This episode of Decoded (an MTV News weekly web series where activist and comedian Francesca Ramsey looks at race and other social justice topics through the lens of popular culture) addresses the misrepresentation of the working class on TV. Gabe Gonzalez claims that the size of homes on TV shows like Modern Family, How I Met Your Mother, Friends, and Gilmore Girls create unrealistic expectations. However, earlier shows like The Honeymooners, All in the Family, and Roseanne all dealt with issues related to class and income and depicted realistic working class homes. Characters like Homer on The Simpsons or Doug on The King of Queens reinforce stereotypes that the working class is lazy, uninterested in education, and careless with money, despite the fact that class mobility has been decreasing for decades. Today shows like Broke Girls impact our perception of class. Studies show that by the age of twelve kids have developed concrete ideas about class difference, and that, as young as five, kids growing up in a low-income household can experience shame and anxiety. Ramsey adds that we also need to talk about wealth inequality in order to change it.

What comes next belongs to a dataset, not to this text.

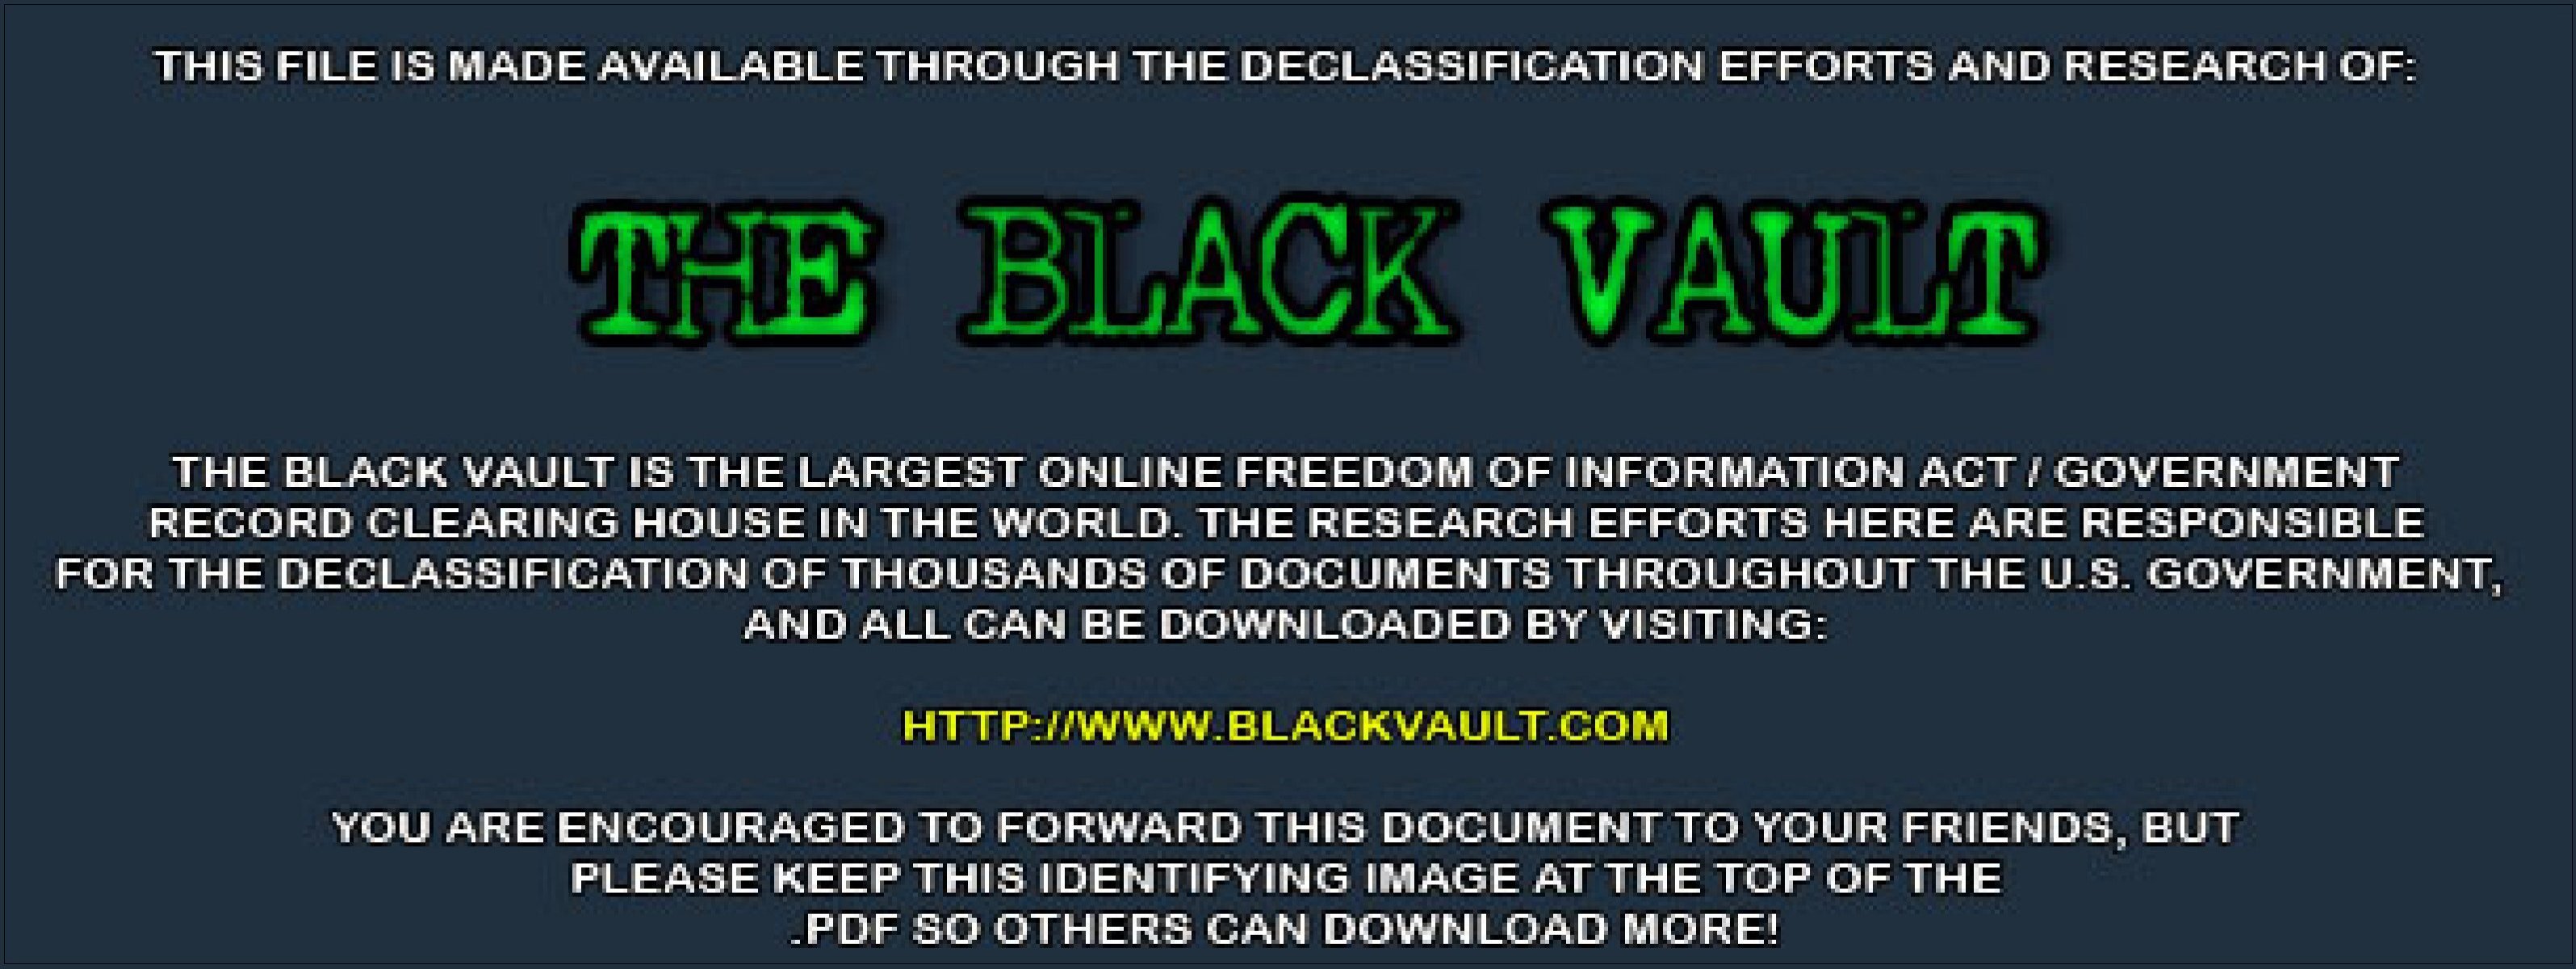 2009 - documents.blackvault.com - The Black Vault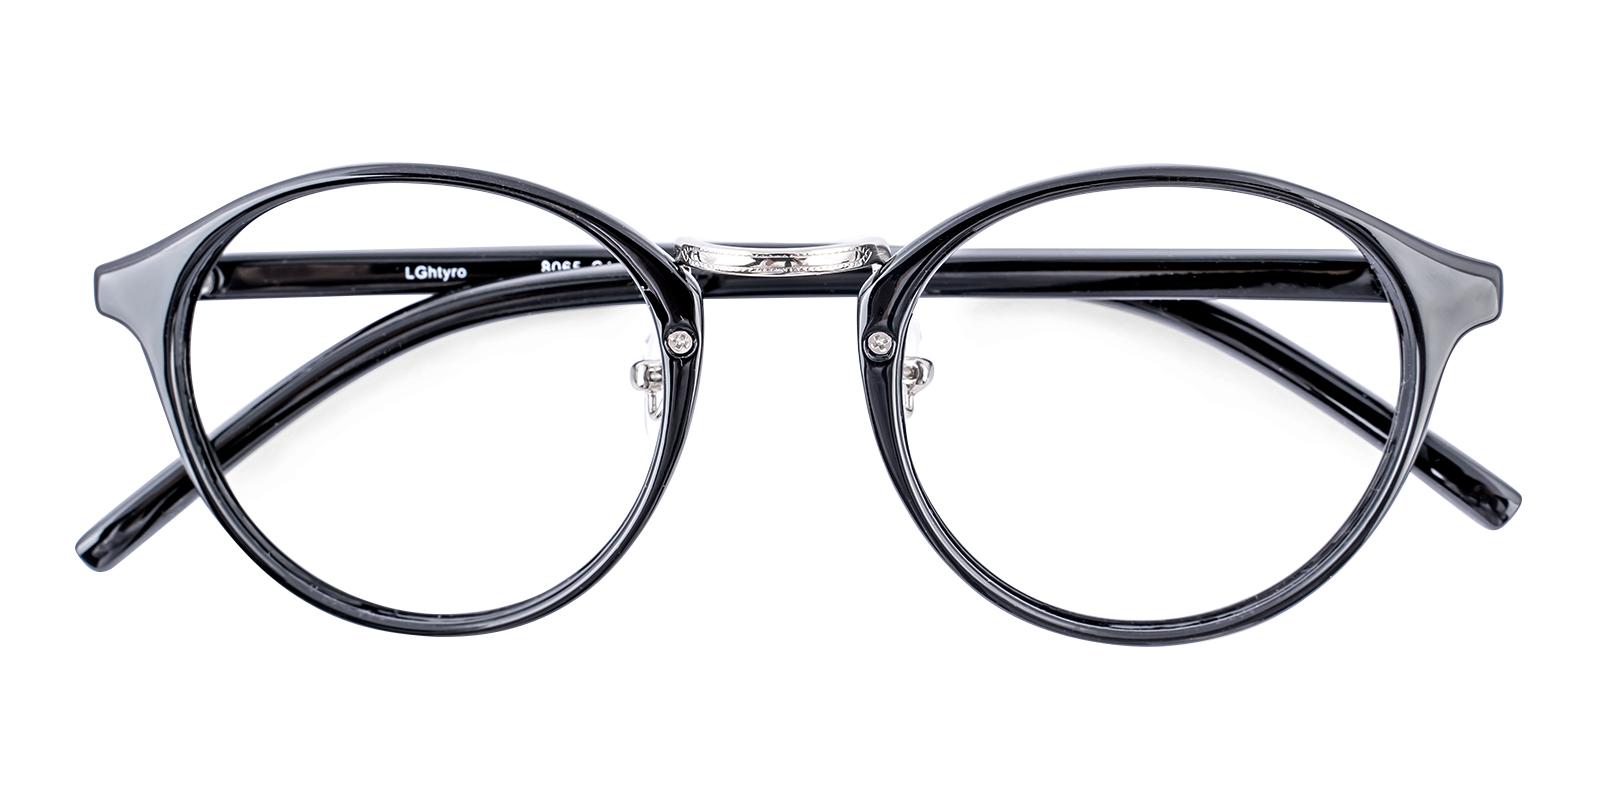 Youngitive Black Plastic Eyeglasses , NosePads Frames from ABBE Glasses

What kind of representations does this video address?

Which shows represent the working class in an unrealistic way, according to Gonzalez?  Which shows represent the working class realistically? What specifically makes the representations realistic or unrealistic?

Explain why the misrepresentation of class on TV matters.

What other shows about working class people can you think of? How do these shows represent the working class?